Gwenny glanced at me over her knitting and said, “I have never met an artist before. But I once saw a film about an artist at the Roxy. It was very beautiful. He also painted in a bar. But he was a dwarf.”

“I expect it was Toulouse-Lautrec,” I said.

“I don't remember his name. But I remember reading in the newspaper that the actor had to walk on his knees. He wore boots on his knees instead of his feet. It was very clever.”

“I didn't see the film, but I've seen his drawings in a book,” I said. “They were wonderful.”

“I'm sure yours are better.”

“I wish they were, Gwenny,” I laughed.

“If I was a painter, I would paint pictures of hills. Why don't you paint hills? Why do you want to paint inside a bar?”

“Because I'm really only interested in people,” I said. “I think there's more beauty in people.”

“It is funny your coming to live here. Nobody has ever lived here before. I must introduce you to the other girls—they will be very interested.”

Later several of the girls came and joined us, including Typhoo, Little Alice, and Wednesday Lulu. Little Alice was a plump little partridge of a girl, loaded with bangles and dangling earrings, who shook like a jelly with perpetual giggles. Wednesday Lulu was silent and watchful, with a round smooth face in which her eyes looked like slits cut from an alabaster mask. She never spoke without deliberation. Typhoo, however, gabbled irrepressibly, and was presently launched into an account of a curious experience the night before, when she had been told by one of the waiters that there was a man outside the bar who wanted a girl but refused to come in. Typhoo had gone out onto the quay and found the man seated in a rickshaw. He had been the captain of a merchant ship. She had been very impressed.

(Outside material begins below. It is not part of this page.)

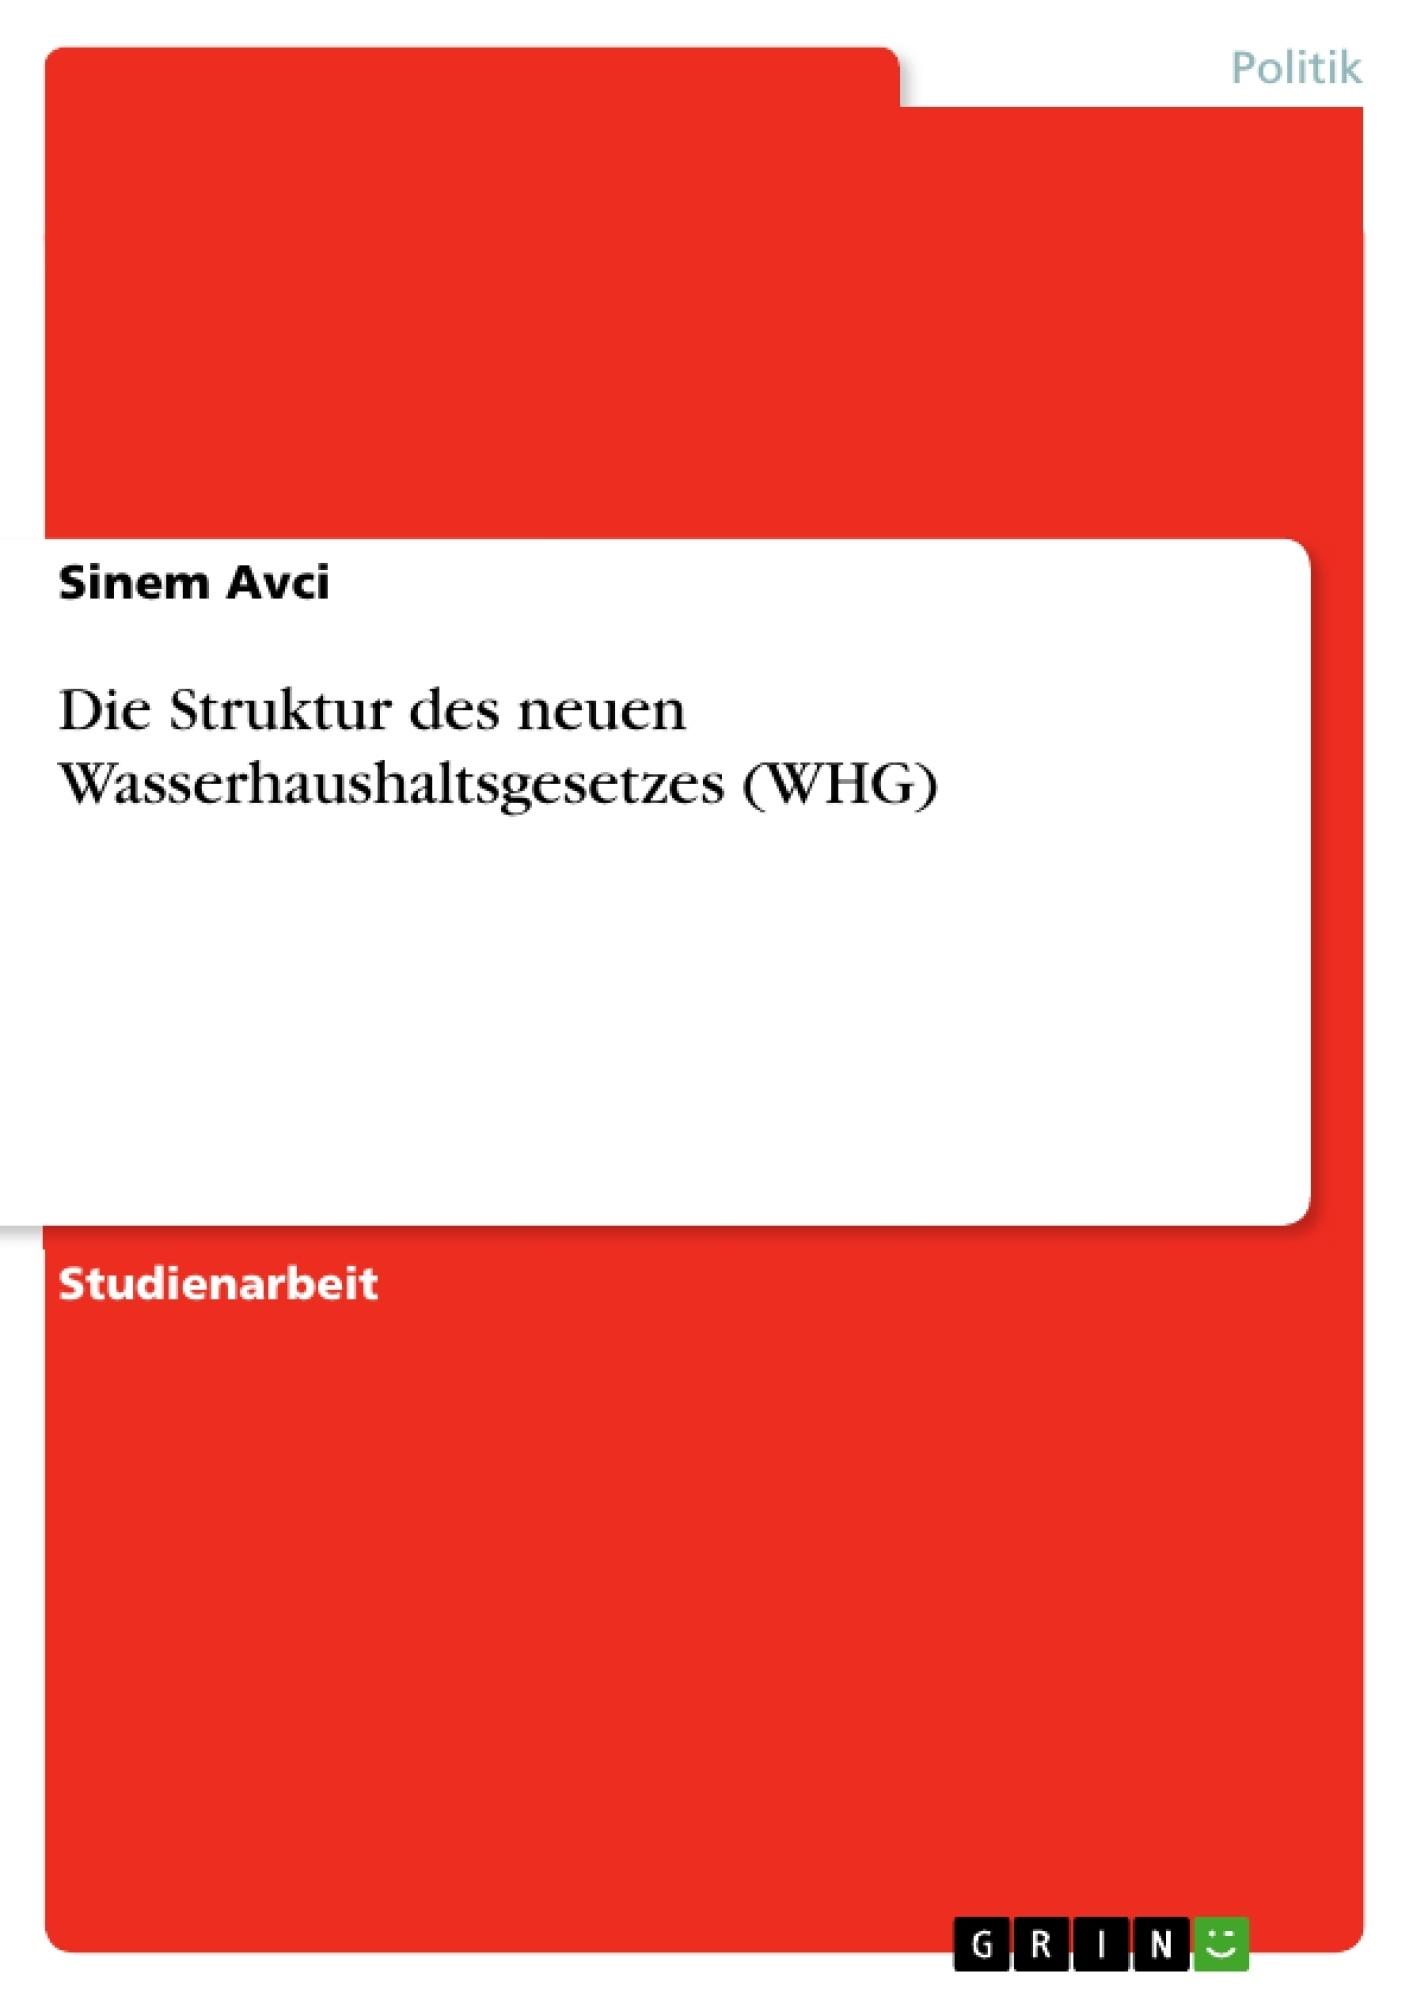 Titel: Die Struktur des neuen Wasserhaushaltsgesetzes (WHG)

“Sure, he was proper ship captain—big man,” she said. She talked with the vivacity and gesticulations of a Latin. “Sure, proper big man. He say, ‘How much all night?' I say, ‘Hundred Hong Kong dollar,' because a big man like that must get plenty lot of money. But he get chokka, he say, ‘What you take me for? Yankee? Me no Yankee—me English. I give you thirty Hong Kong dollar.' I say, ‘What for? Short-time?' He say, ‘No, all night.' I say, ‘I know you're ship captain but you must be crazy in the head!'”

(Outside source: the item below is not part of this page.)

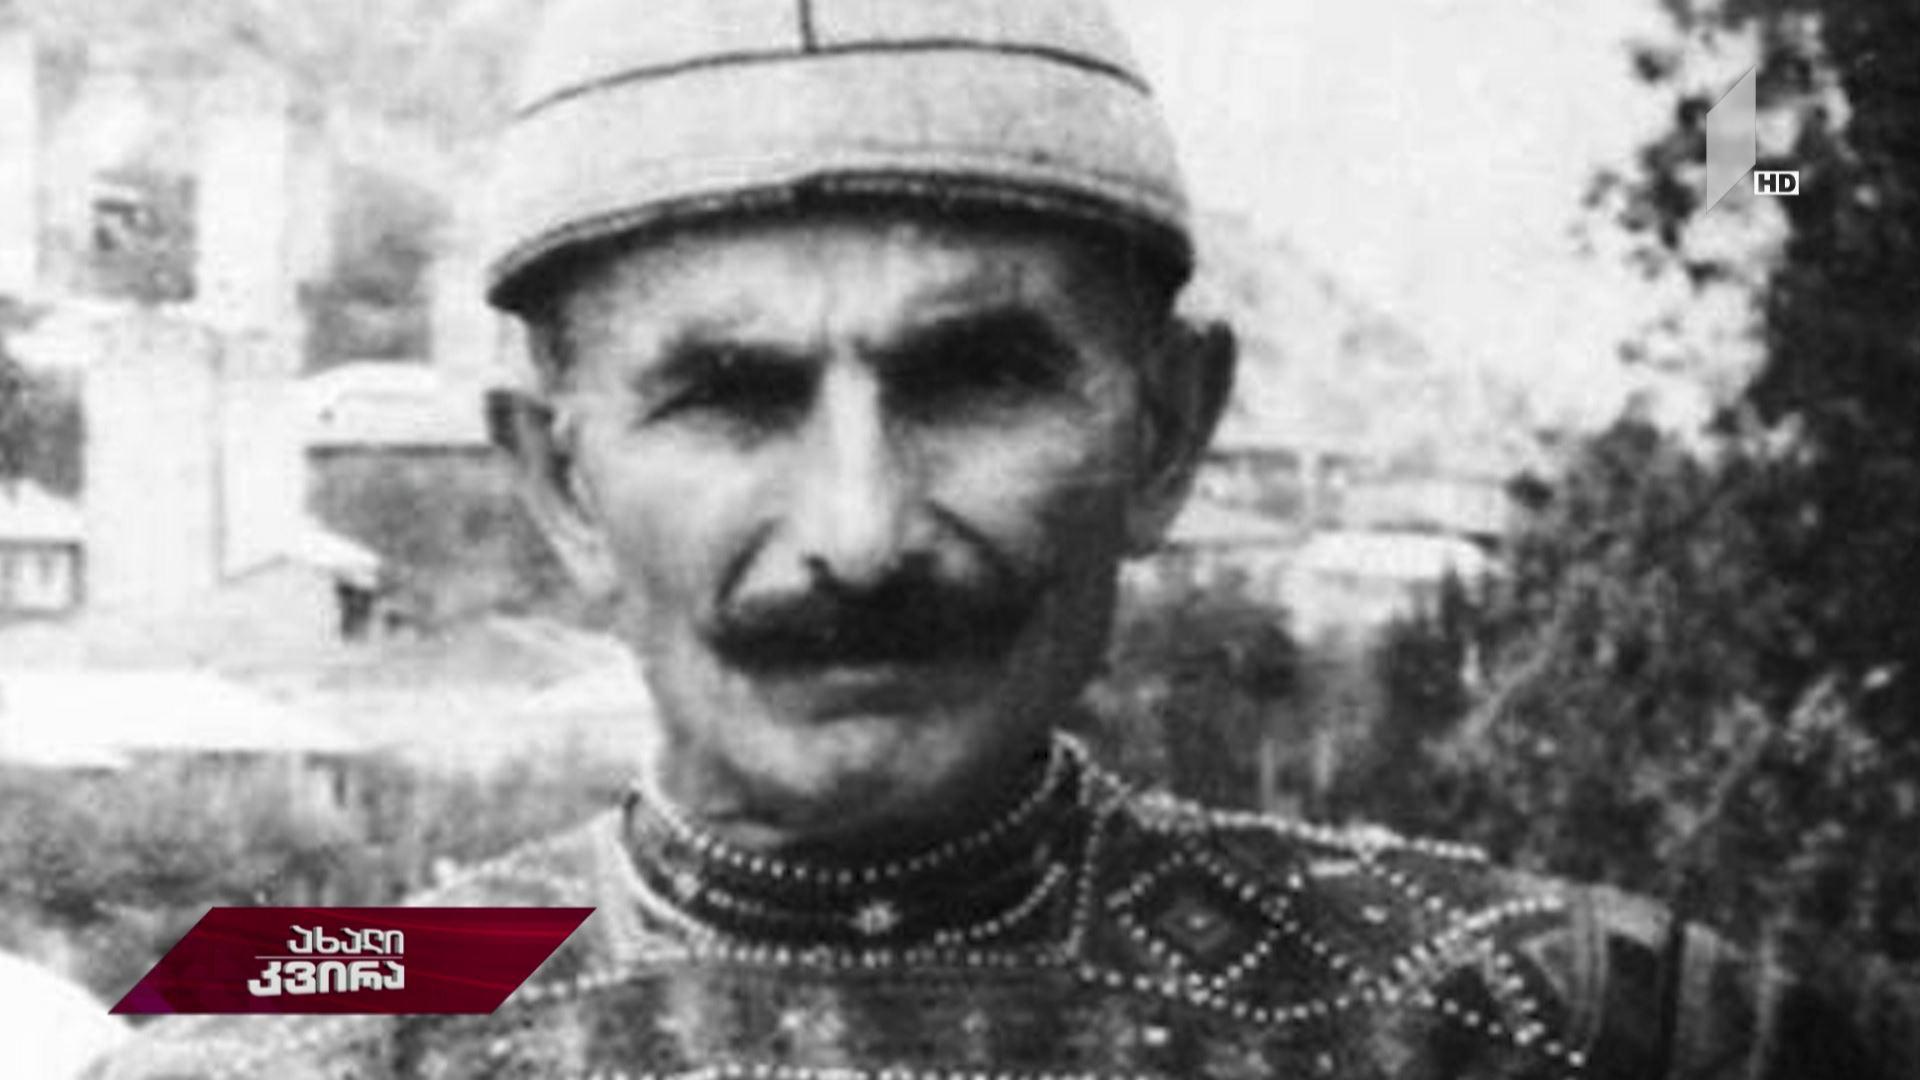 ივანე წიკლაურის 100 წლის იუბილე

They had finally compromised at sixty dollars—about four pounds—and had gone up to one of the rooms. Presently, after the Captain had worked off his first ardor, Typhoo had felt like a gossip with her girl friends before settling down for the night, and had asked the Captain to excuse her for half an hour. However, upon reaching the bar she had found herself without her handbag, which she had left upstairs—and which contained, among other items, the Captain's sixty dollars paid in advance. But after all, she had thought, a ship's captain was a man to be trusted. She wouldn't bother to go back for it. However, half an hour later, returning to duty, she had been greeted on the landing by the floor boy, announcing, “Typhoo, your boy friend went off twenty minutes ago.” Well! So he had pinched the money after all! A ship's captain—a big man like that! She had dashed along to the room. Her handbag had still been on the dressing table where she had left it. She had wrenched it open—and gaped in astonishment. The money was still there—every cent of it!

And now Typhoo was really worried. If he had not stolen anything, why on earth had he gone off? She could not understand.

“He pay out plenty money altogether, you know,” she said. “Rickshaw, ten dollar. Room, ten dollar. Make-lovey, sixty dollar. Altogether eighty dollar! All right, then why he run off after one short-time? Why? What happen?”

Little Alice was simmering with giggles. “Maybe he no like the way you make lovey,” she said, and the giggles boiled over.

Typhoo grinned. “Everybody like the way I make lovey. Plenty boys tell me, ‘Sure, you got a funny face, Typhoo, but I sooner have a short-time with you than all night with a big-bosom Yankee film star!'”

Wednesday Lulu, who had been thinking very hard, said carefully, “I think he had a wife.”

“That ship captain?” Typhoo said. “Sure, he told me. He got a wife back in England.”

“Then perhaps it was like this,” Wednesday Lulu said solemnly. “First he wants a girl very badly, so he forgets about his wife. He catches a girl, makes love. Then inside he feels different. He remembers his wife. He thinks, ‘I'm bad, very bad!' He feels very ashamed. So he runs off.”